Lauri Olavi Honko (born in Hanko, 6 March 1932, died in Turku, 15 July 2002) was a Finnish professor of folklore studies and comparative religion.

== Life and work ==
Honko was a disciple of Martti Haavio. His 1959 doctoral dissertation at the University of Helsinki was titled Krankheitsprojektile. Untersuchung über eine urtümliche Krankheitserklärung (Disease Projectiles: A Study of the Primitive Explanation of Disease) and developed a special typology for the analysis of ethnographic data in folk medicine. Here, he put the Finnish folk tradition explanation of illness and healing into a global perspective and found distinct features and differences in geographical regions.

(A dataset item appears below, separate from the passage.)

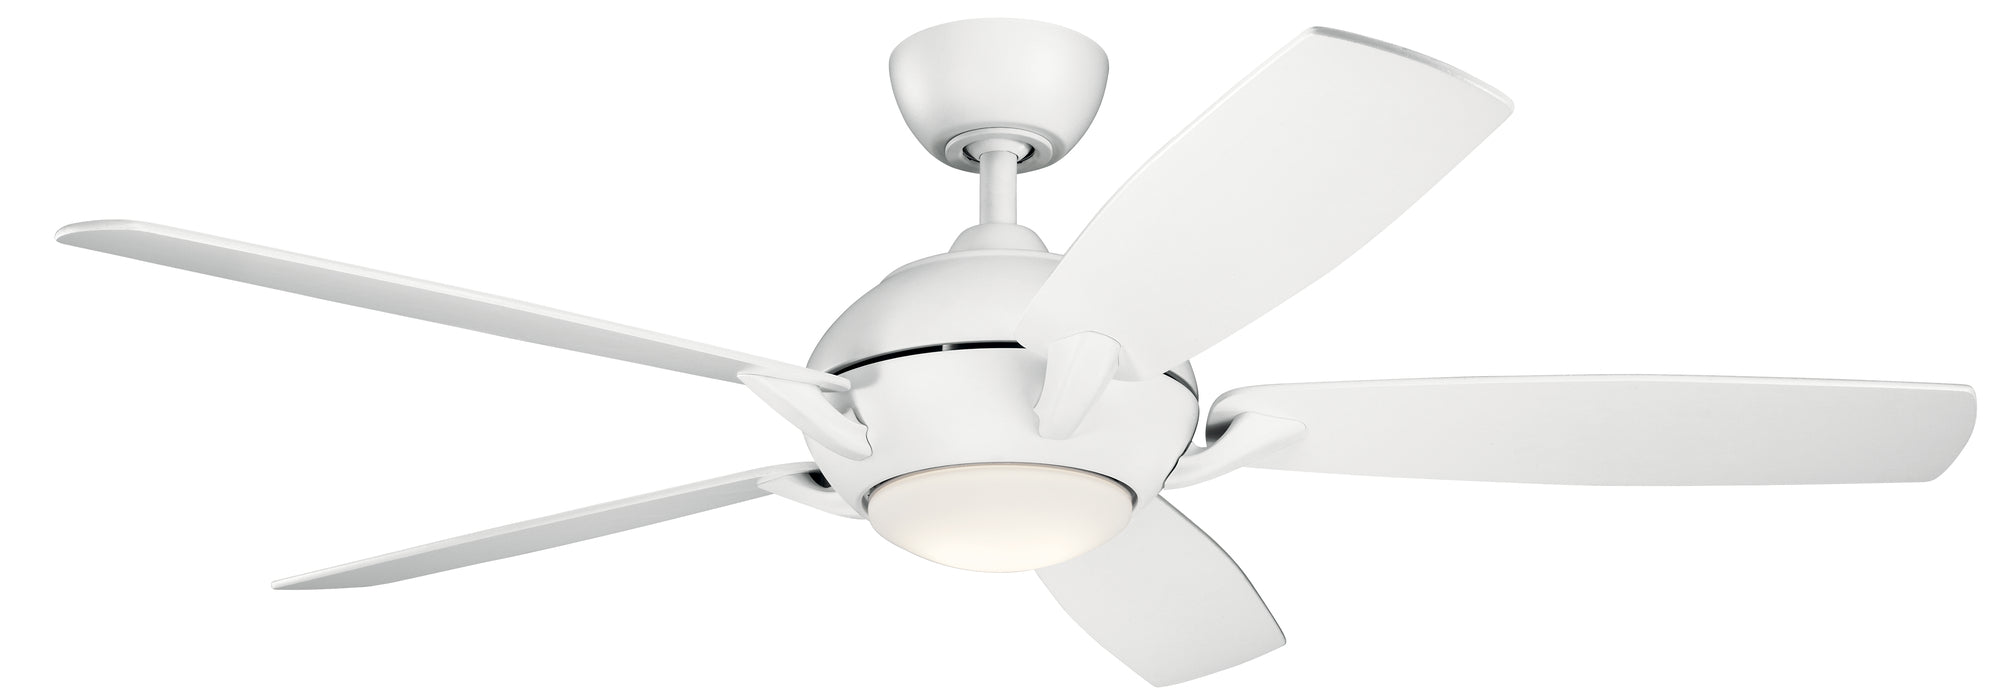 GENO Ceiling fan White INTEGRATED LED - 330001MWH | KICHLER

Honko's seminal work, Geisterglaube in Ingermanland (Belief in Spirits in Ingria) was very influential for Finnish folklorists because it set apart the old and new science of religion. In this work, he used new insights from social anthropology, phenomenology of religion, social psychology and sociology. Honko also interpreted the experience of guardian spirits in Ingrian peasant society by developing a genre-analytic and role-model theory.

In Geisterglaube in Ingermanland, he classified rituals into three main categories: rites of passage, calendrical rites, and crisis rites. Honko even stresses the importance of analyzing rituals within a cultural context and the need to differentiate between small-scale and complex systems of belief.

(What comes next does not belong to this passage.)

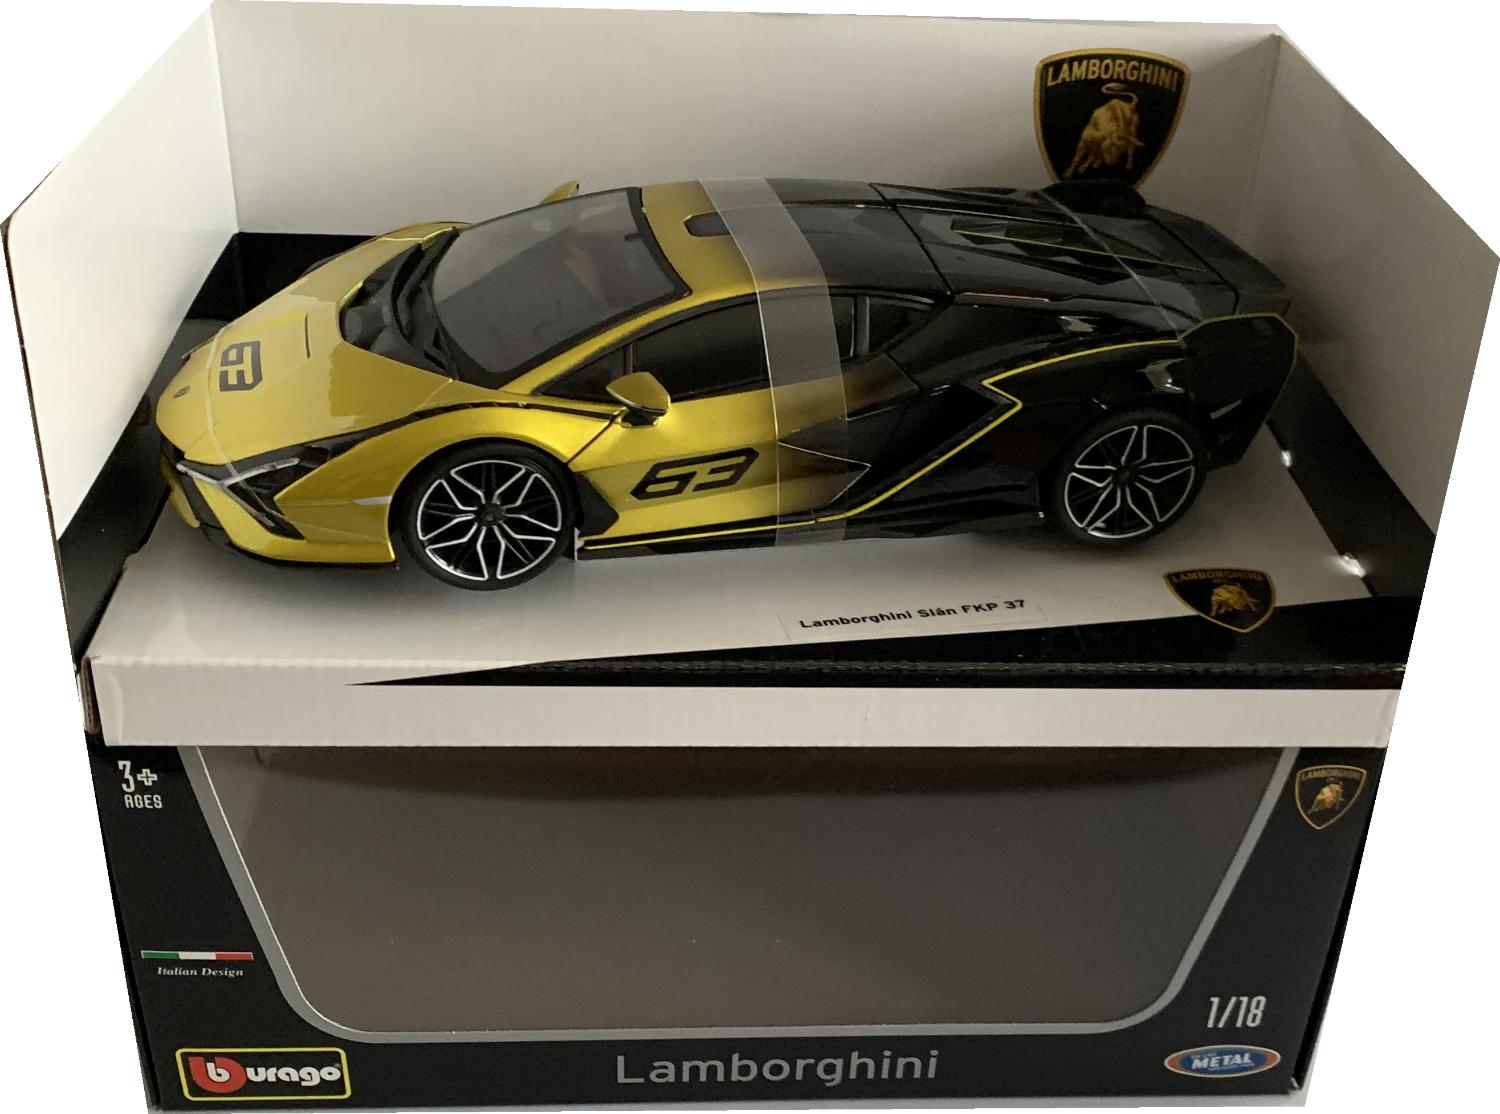 An excellent scale model of the Lamborghini Sian FKP 37 with high level of detail throughout, all authentically recreated.  Model is presented in a window display box.    The car is approx. 27 cm long and the presentation box is 30 cm long

In 1961, Honko became an assistant professor in folklore studies and comparative religion. In 1963, he was an associate professor in both subjects at the University of Turku. In 1971, he received a special seat. In 1996, he was named professor emeritus.

Lauri Honko also became the head of the Nordic Institute of Folklore (NIF) in Turku in 1972. From 1974 to 1989, he was president of the International Society for Folk Narrative Research and then also the editor of Folklore Fellows' Communications. He was the editor of Temenos from 1965 to 1969 and from 1975 to 1990, of NIF Newsletters from 1972 onwards, and of Studia Fennica from 1981 to 1989.

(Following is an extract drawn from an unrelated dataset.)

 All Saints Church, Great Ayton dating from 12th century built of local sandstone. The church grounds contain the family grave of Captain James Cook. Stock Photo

During the 1980s and 1970s, Honko compared popular traditions and developed a research methodology.

== Bibliography ==
- Krankheitsprojektile: Untersuchung über eine urtümliche Krankheitserklärung. Helsinki 1959. (Folklore Fellows' communications. 178.)
- Geisterglaube in Ingermanland. Helsinki 1962. (Folklore Fellows' communications, 185.)
- Textualising the Siri epic. Helsinki 1998. (Folklore Fellows' communications, 264. Vol. 118.)

== Contributions ==
- Siikala, Anna-Leena: Honko, Lauri. In: Enzyklopädie des Märchens Vol. 6 (1990), Sp. 1236-1239.

==Relevant literature==
- Honko, Lauri. 2013. Theoretical Milestones: Selected Writings of Lauri Honko. Suomalainen Tiedeakatemia, Academia Scientiarum Fennica.